Corporate taxes should be raised. Negative gearing and dividend imputation should be phased out and serious steps taken to close the many tax loopholes and corporate welfare that see large corporations paying an effective tax rate of less than 20 cents in the dollar or less. The introduction of a higher rate of tax or special tax on super profits should be applied to businesses over a certain size in all industries.

Indigenous Australians, the original owners of this wealth before it became wealth, should have the final say over the granting of mining licenses and are entitled to a significant share of the wealth from them.

There are other potential sources of income – as already mentioned the abolition of the private health insurance rebate and abolition of state aid to private schools could be used to solve problems in the public health and education systems.
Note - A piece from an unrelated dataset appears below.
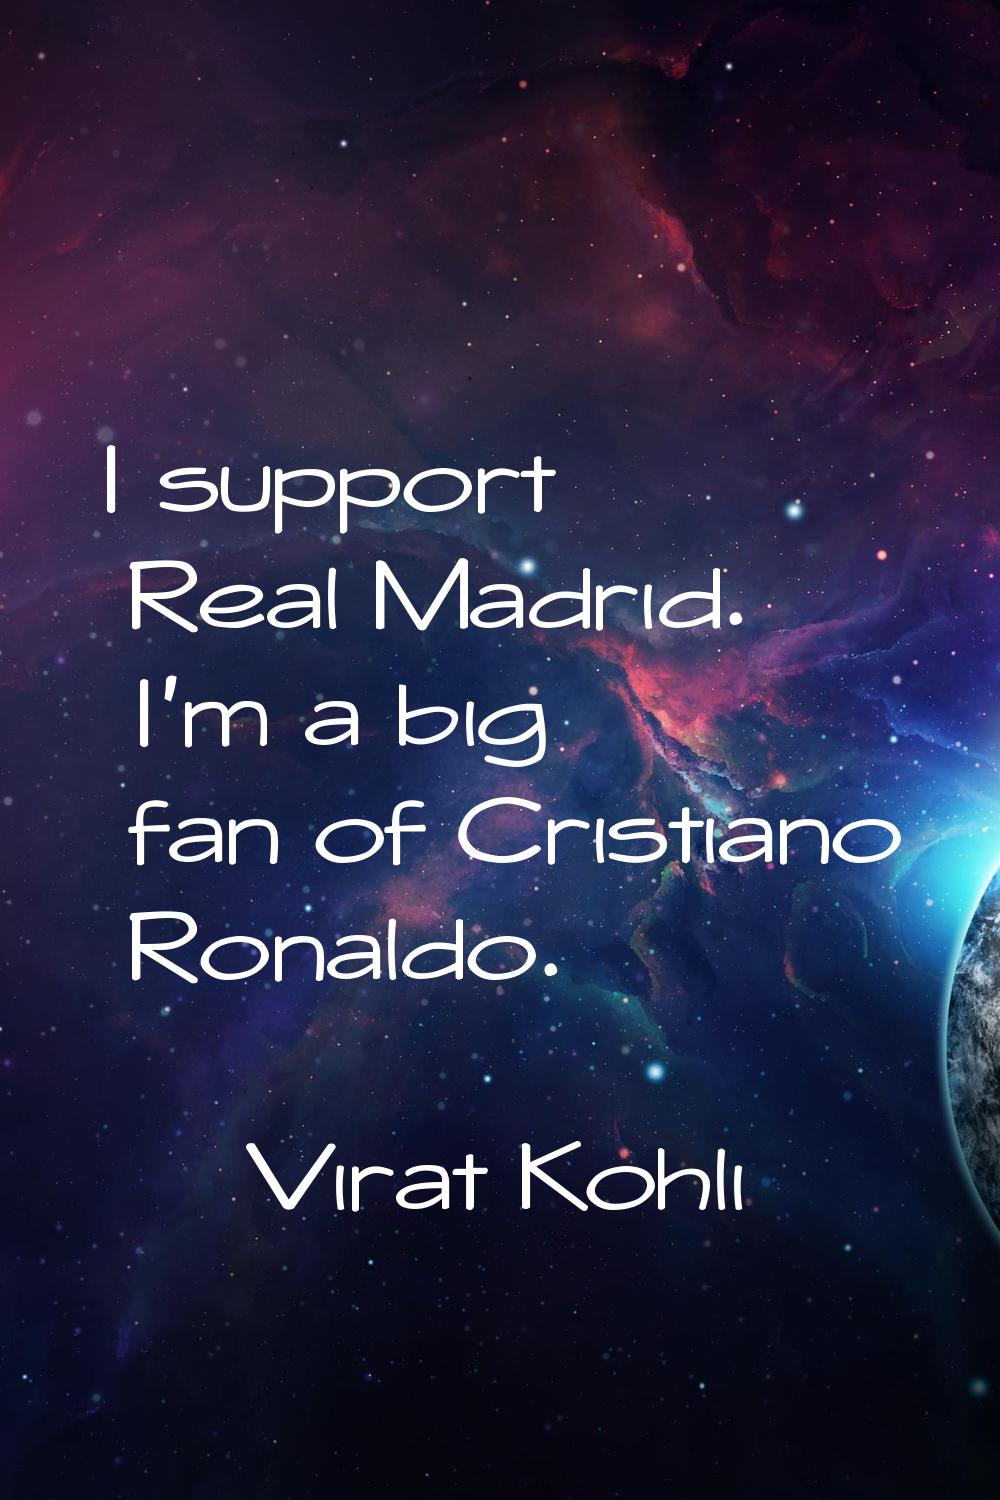 I support Real Madrid. I'm a big fan of Cristiano Ronaldo.

Cutting the billions of dollars in subsidies for fossil fuel corporations would provide additional income.

CUT MILITARY SPENDING

The CPA calls for a total revamp of military spending away from its present offensive nature as an arm of the US military to that of genuine defence. It also calls for an immediate reduction of 10 per cent in funding and cancellation of the nuclear-powered submarines and other AUKUS spending. Refocusing on peace and security could result in savings of billions per annum. This money could be put back into the economy, instead of on US weaponry and wars; would create demand for goods and services; and create many thousands more jobs than the building of a few submarines. They would be permanent jobs.

A People’s Budget based on the above proposals would provide the basis for economic recovery for the people and improve overall living standards. Of course, it cannot bring a halt to the boom-crisis-recession-recovery phases of the capitalist production cycle. This cycle is a systemic feature of capitalism, and has only ever been and can only ever be eliminated by socialism.